# [CfD] Securing NIS



## fonz (Sep 3, 2013)

Granted, we don't get a lot of NIS questions here, but still. Out of the box, NIS has some inherent (potential) security issues. I felt like trying to start a discussion, identifying what the (potential) security threats are and figuring out how to mitigate them.

I can think of the following three threats myself:

Users can obtain a list of usernames and the accompanying password hashes, which they can feed to a password cracker, thus obtaining other users' passwords.
Any host on the Internet can connect to your NIS server(s) and obtain the same.
NIS traffic is unencrypted. If I'm not mistaken NIS is not stupid enough to transmit passwords in the clear, but still the password hashes can be intercepted.
And my assessment:

This I think is a thing of the past. Sure, back in the late '90s and early '00s I used to do this regularly at the university. I just did `ypcat passwd`, took the result home, fired up John the Ripper and let it run overnight and/or while I was away. This would usually reveal at least 5 or 10 users with lame passwords. Obviously, I always mailed the results to the head sysadmin who would then break out the LART  However, FreeBSD's implementation of NIS can be configured to not export the master.passwd map. In fact, this is default behaviour. `ypcat passwd` works fine but returns the passwd map, which has the passwords starred out. `ypcat master.passwd` only works for root, mortal users simply get an error message.
This sounds like nothing a good firewall/router setup can't fix. Just make sure any NIS servers are only accessible from the local network. NIS also has access control (/var/yp/securenets), but I'm not sure whether this is vulnerable to spoofing. It may not offer as much security as one would think.
This does sound like a potentially big problem. Has anyone ever tried to fiddle with some kind of encryption layer (e.g. SSH tunnelling) around NIS?

Any additions, suggestions, solutions, corrections etc. are welcome.


----------



## SirDice (Sep 3, 2013)

I rarely find anyone that still uses it. And when they do use it they suffer from the first threat on your list. Most people will probably have migrated to LDAP by now. Which has it's own issues but should be easier to secure.


----------



## kpa (Sep 3, 2013)

1. You must have a very tightly locked down network or the NIS server in a separate DMZ, otherwise it's trivial to boot your own Linux laptop, connect to the network and fetch the master.passwd map. The NIS protocol has no means of authentication so the only way to restrict access is a firewall.


----------



## fonz (Sep 3, 2013)

SirDice said:
			
		

> I rarely find anyone that still uses it.

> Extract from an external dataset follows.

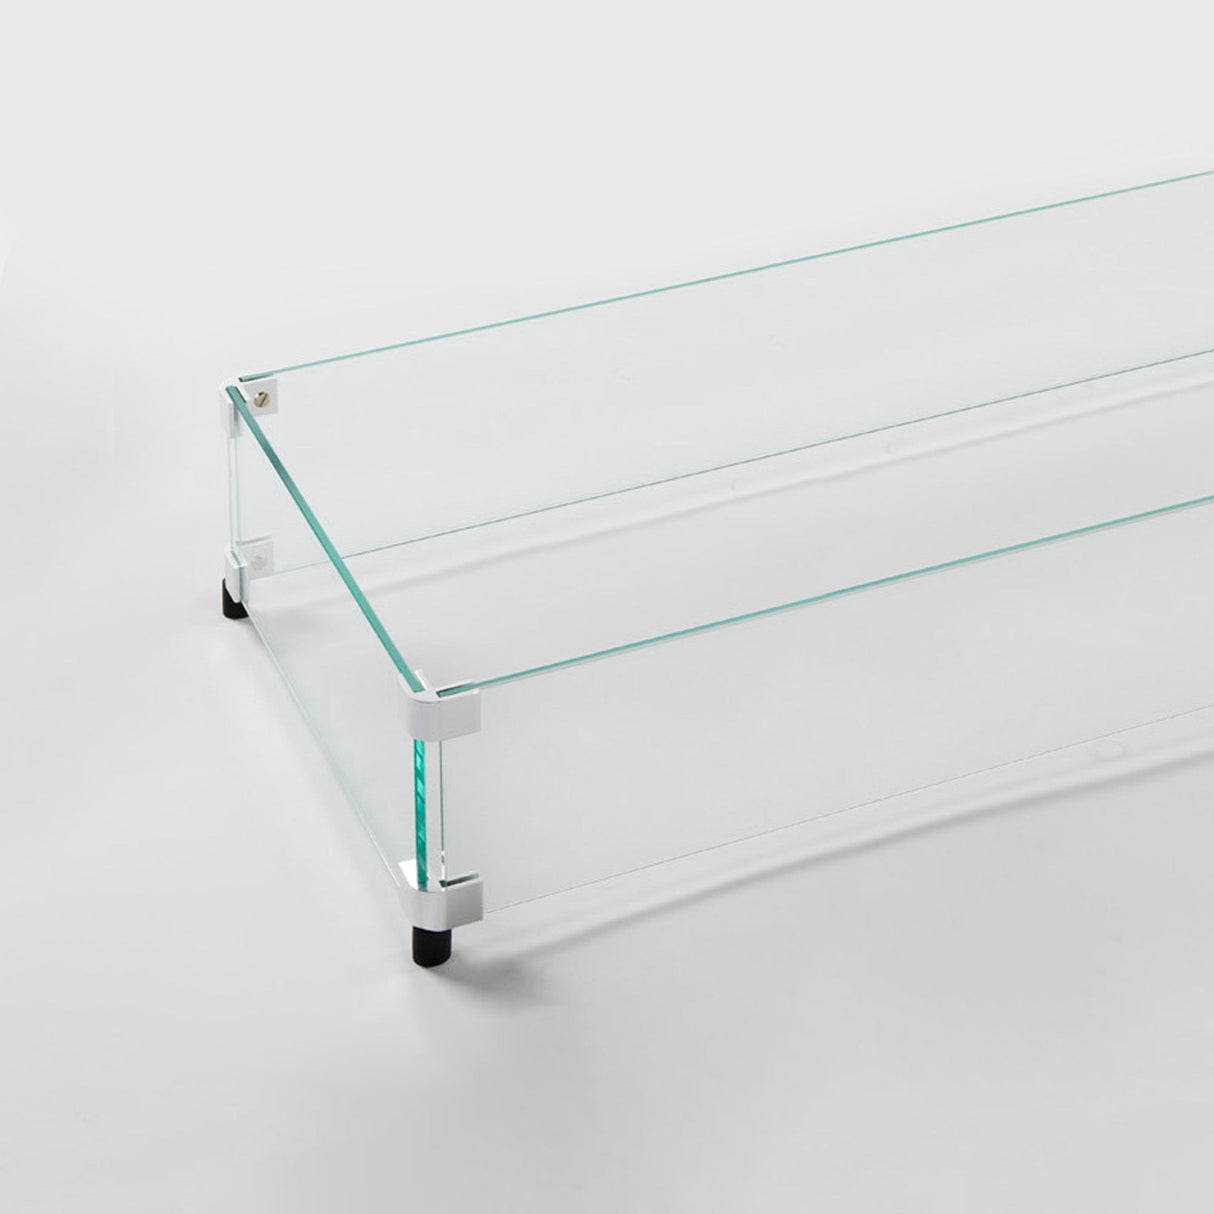 A side view of the Linear Glass Wind Guard set up on a white background

I do  Not in a production environment obviously, I use it on my server at home to share users between jails.

But yes, NIS is old and it's starting to show.



			
				SirDice said:
			
		

> Most people will probably have migrated to LDAP by now. Which has it's own issues but should be easier to secure.


Last time I checked LDAP was reportedly rather a faff to set up on FreeBSD. Has there been any improvement in that area?



			
				kpa said:
			
		

> 1. You must have a very tightly locked down network or the NIS server in a separate DMZ, otherwise it's trivial to boot your own Linux laptop, connect to the network and fetch the master.passwd map.


That's a good shout. I knew about this, but it had completely slipped my mind :r I would think that there'd be an option to just disable exportation of master.passwd altogether (including for root), but I can't find anything.


----------



## kpa (Sep 3, 2013)

It may sound crazy now but the NIS server decides to give access to super user only maps like master.passwd based on the source port of the request. If the request comes from a privileged port < 1024 the client has access to the restricted maps.


----------



## fonz (Sep 3, 2013)

kpa said:
			
		

> It may sound crazy now but the NIS server decides to give access to super user only maps like master.passwd based on the source port of the request. If the request comes from a privileged port < 1024 the client has access to the restricted maps.


Exactly. So it _should_ be fairly straightforward to turn it off.


----------



## J65nko (Sep 3, 2013)

The inventor of NIS+ recommends not to use it. From the wikipedia NIS+ entry:


> NIS+ is a directory service developed by Sun Microsystems to replace its older 'NIS' (Network Information Service). It is designed to eliminate the need for duplication across many computers of configuration data such as user accounts, host names and addresses, printer information and NFS disk mounts on individual systems, instead using a central repository on a master server, simplifying system administration. NIS+ client software has been ported to other Unix and Unix-like platforms.
> 
> Prior to the release of Solaris 9 in 2002, Sun announced its intent to remove NIS+ from Solaris in a future release and now recommends that customers instead use an LDAP-based lookup scheme.
> 
> NIS+ was present in Solaris 9 and 10 (although both releases include tools to migrate NIS+ data to an LDAP server)[1] and it has now been removed from Solaris 11.1.[2]


----------



## DutchDaemon (Sep 3, 2013)

And now a bit about TACACS(+) and we're done


----------